Fig. 7–16: MLU Power Bus Current and PDU1 Systems Power Out
Fig. 7–17: MLU Power Bus Current and PDU2 Systems Power Out
The two figures above clearly demonstrate the correlations between PDU1 and 2
power output and current/power consumption of the MLUs. Every time the current
consumption of the MLUs indicates that the lighting is active, the power outputs of
the PDU systems busses rise about 0.09 kW (90 W).

Conclusion:
Columbus Module ECLSS Analyses
If we consider every MLU to be active, we can assume them to consume about 180
W (2 x 90 W). Table 2-46 in [RD03] provides information that all MLUs are on during
crew day and most (if not all) of them are switched off during crew night. It
furthermore suggests that MLU control is always performed by the crew.
Considering these facts, we can either assume that the cabin illumination is the
cause for the periodic rise in cabin temperature or that it is an indication of crew
activity within Columbus. This activity could also be the case for the periodic
behavior of the cabin temperature due to heat emission of the human body. The
previous figures indicate the latter because the on/off-state of the cabin lighting is
not as synchronous with the change in cabin temperature as expected earlier. Thus,
the on-state of the MLUs probably indicates when there is crew activity which
furthermore could be the cause of the periodic 24 hour temperature gradient.
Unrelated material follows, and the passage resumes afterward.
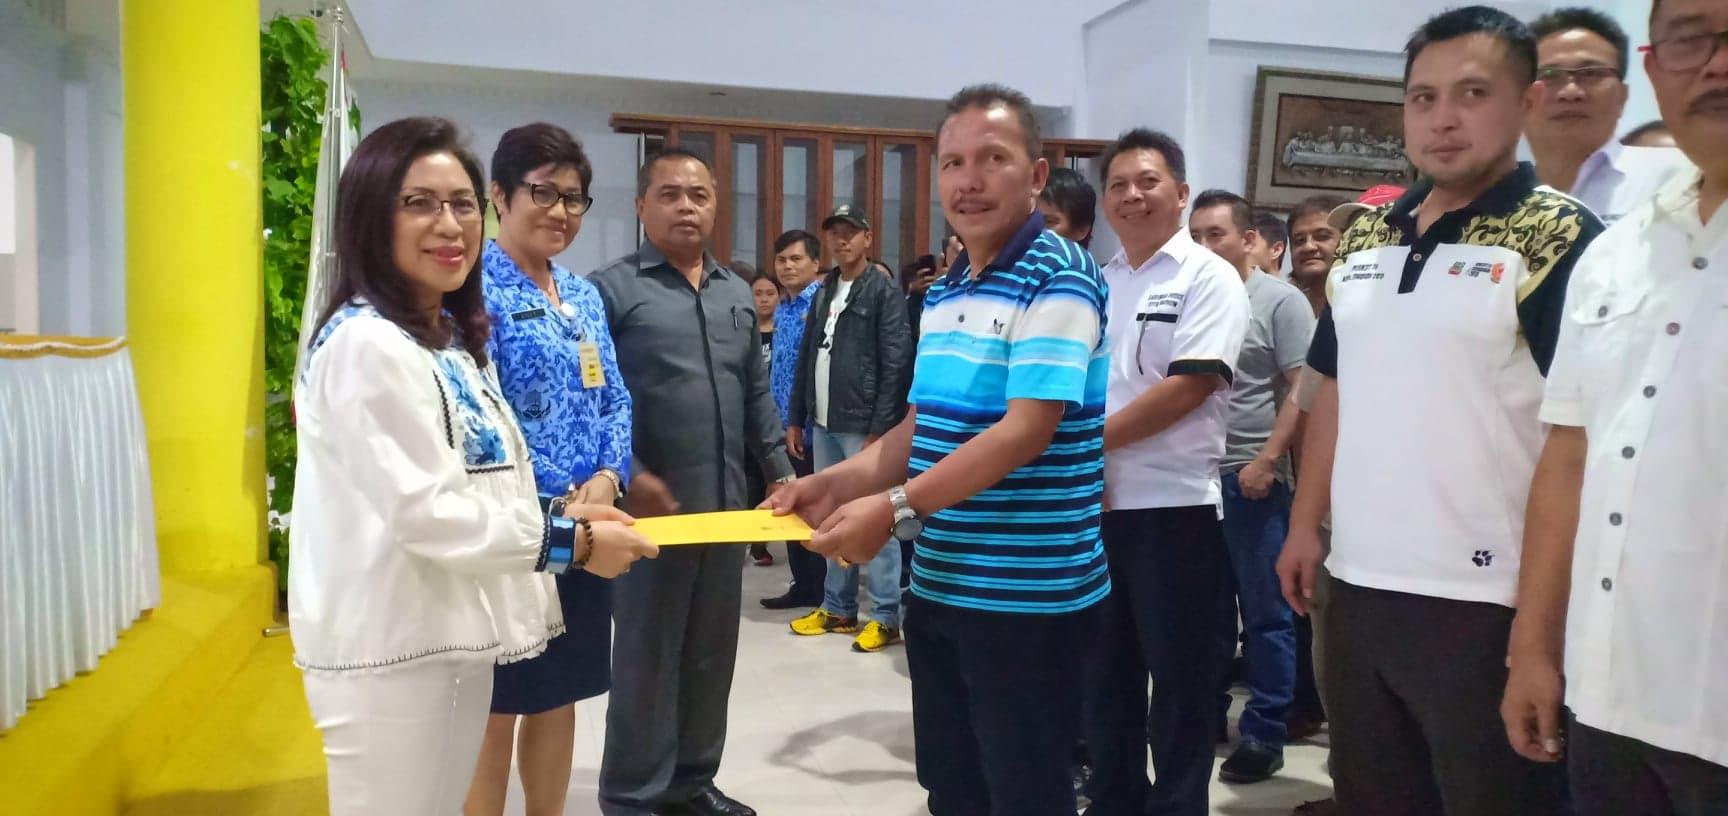 Ketua KONI Tomohon Ir Miky Junita Linda Wenur  MAP menyerahkan SK Kontingen

7.5 TCV influences Cabin Air Flow
Hypothesis:
The kick procedure of the Temperature Control Valve (TCV, see also chapter 6.2)
might affect the cabin air flow since the Air Flow Sensors (AFS) are situated
upstream ahead of the TCV (schematic in chapter 2.5.2 or Appendix A.4).
Parameters:
CTCU1_TCV_Posn_DMC [%] AFS1_Cab_Air_Massflow_MVD [m³/h]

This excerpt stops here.